I am just getting started with inlay. I ordered some veneer from Woodcraft, and it seems REAL thin to me. I would say it is about 1/32" thick. Is this what most people use for inlay work? Can I cut and glue some of this veneer together to make it thicker? Also where can I order veneer for inaly that might be alittle thicker than this? As you can tell I am new to this, but I would like to get this right if I can. This looks like it can be fun, I hope. Thanks

Dale


----------



## CharlieM1958 (Nov 7, 2006)

Dale, you really don't need it to be any thicker than that. When you rout the groove for the inlay you just need to experiment with scrap to get the depth setting just right so that when you glue the inlay in, it only protrudes a hair above the surface. Then you can easily sand it flush.

If you are working with a relatively small project you can also rout the groove a little deeper, so that the inlay sits just below the surface, then sand the surface down to meet the inlay. This is a lot more labor intensive, but it reduces the chance of sanding through the inlay.


----------



## Ger21 (Oct 29, 2009)

You can get thicker veneers at http://www.certainlywood.com but I think they have a $100 minimum.


----------



## jusfine (May 22, 2010)

Dale, I make my own inlay, will have some photos posted soon on my workshop links.

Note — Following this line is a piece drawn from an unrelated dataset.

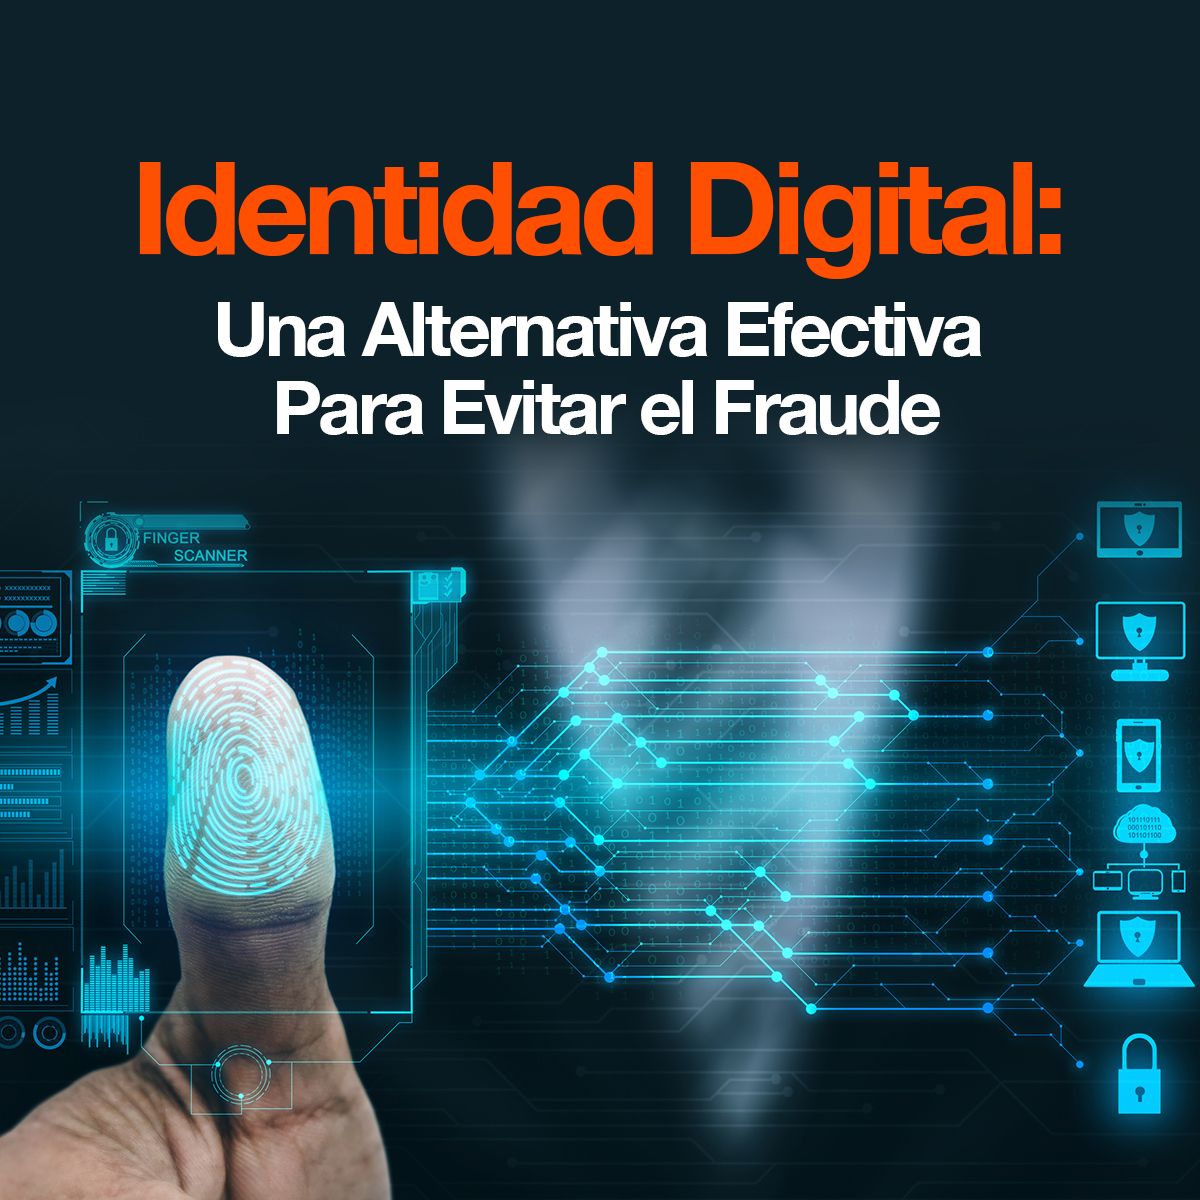 Identidad Digital: Una Alternativa Efectiva Para Evitar el Fraude
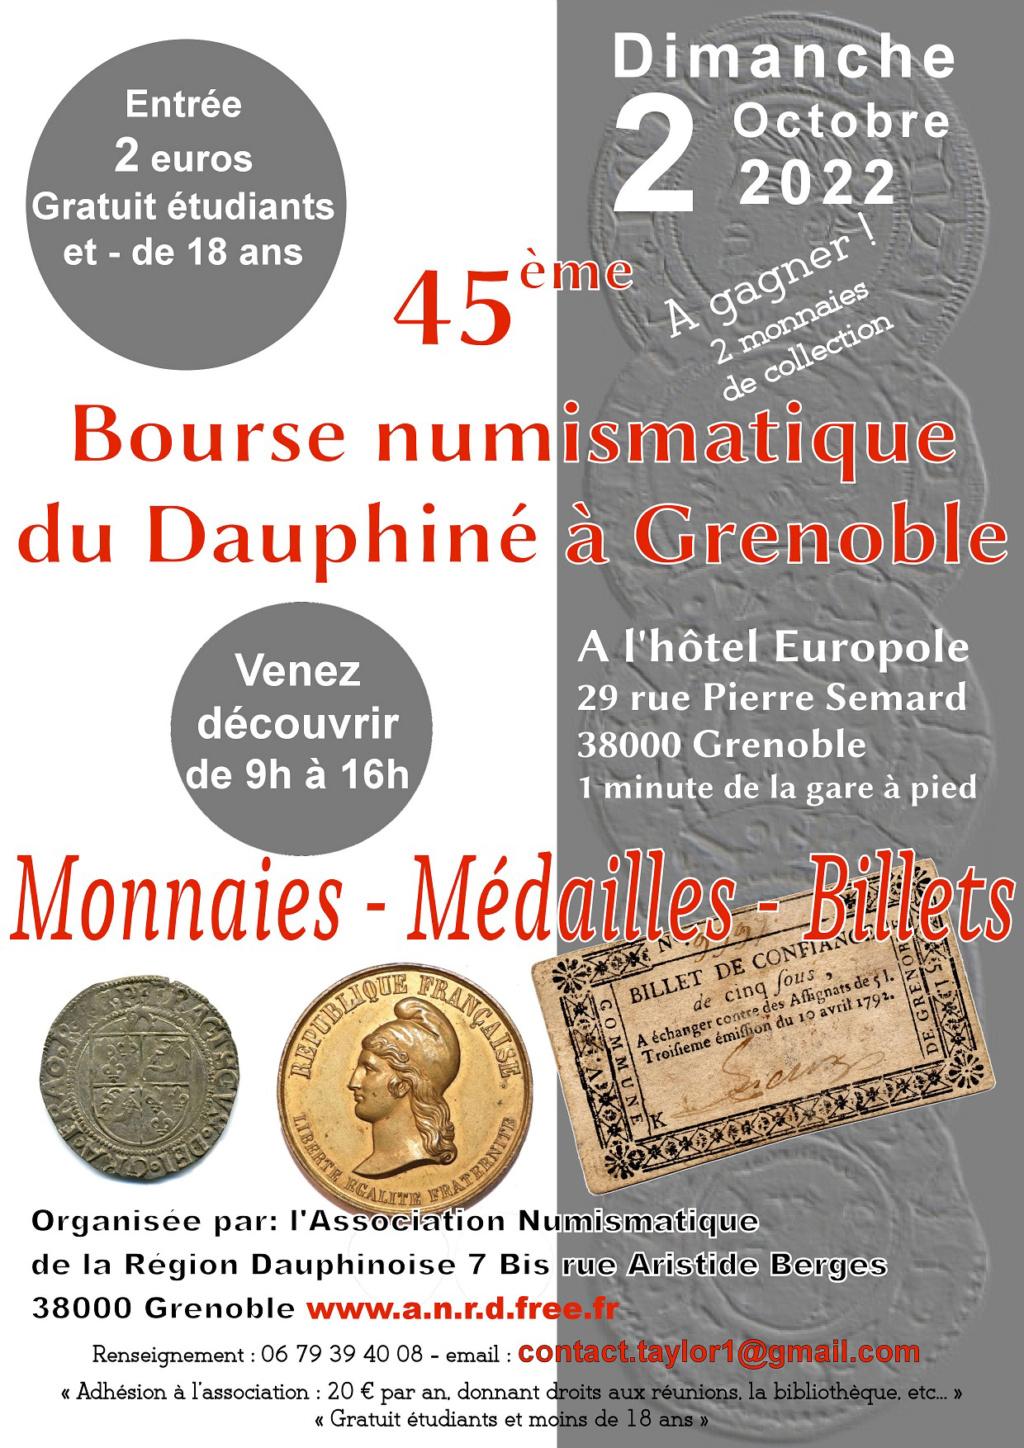 BOURSE NUMISMATIQUE du DAUPHINE- 2 OCTOBRE 2022 Affich13

I typically make mine 3/16 as I also do not like it so thin, and one little bump under the belt on the drum sander, and you are sanding right through it.


----------



## Randy63 (Jun 25, 2010)

Hi Dale, 
If you're just getting started with veneering and inlay I think you're in for a great experience. Veneers of that thickness are quite normal these days and in fact many are even thinner, 1/42" to 1/50". There are still a few sources or finds out there of thicker veneers of 1/16" or thicker. And of course you can always sawn your own if you need something special.
The thinner veneers are still quite usable for both veneering and inlay. If you're using for inlay or to make your own bandings you may have to lay up more thicknesses to get the thickness you want, but the glue lines don't show so it's no big deal. 
Viewing CharlieM1958's work I certainly can't argue with his methods, but I was taught to lay inlay or bandings a bit proud of the suface and carefully sand the inlay down till flush with the surface. With any inlay and veneering with 1/42" material you have to have the substrate carfully leveled and when sanding use a light hand. The end result is all that matters. It's not that complicated, anyone can do it. Regardless of your method of veneering though, be sure to veneer both side of the substrate with the same thickness of veneer.
Good luck and enjoy!
Randy


----------



## antieuclid (Feb 6, 2010)

I cut all my own inlay, and usually cut it to about 3/64-1/16". If you've got a decent bandsaw, I highly recommend cutting your own. You can adjust the thickness to your own personal preferences, and it opens a whole new world of never being able to throw out scraps ^_^


----------



## kolwdwrkr (Jul 27, 2008)

it really depends on the complexity of the project. It's very difficult to cut thicker veneers into very detailed pieces, say for a marquetry pattern. So the thinner the veneer, the happier the worker, and the easier the project. I've been doing inlay work for quite a while now, and I tend to look for thinner veneers for the intriquite work and thicker veneer for the back grounds. Of course that is if I am inlaying. I use the same thickness of veneer when applying to a substrate, and apply it to the front and back. It's all relevant to how you are building your project. Good luck and happy woodworking


----------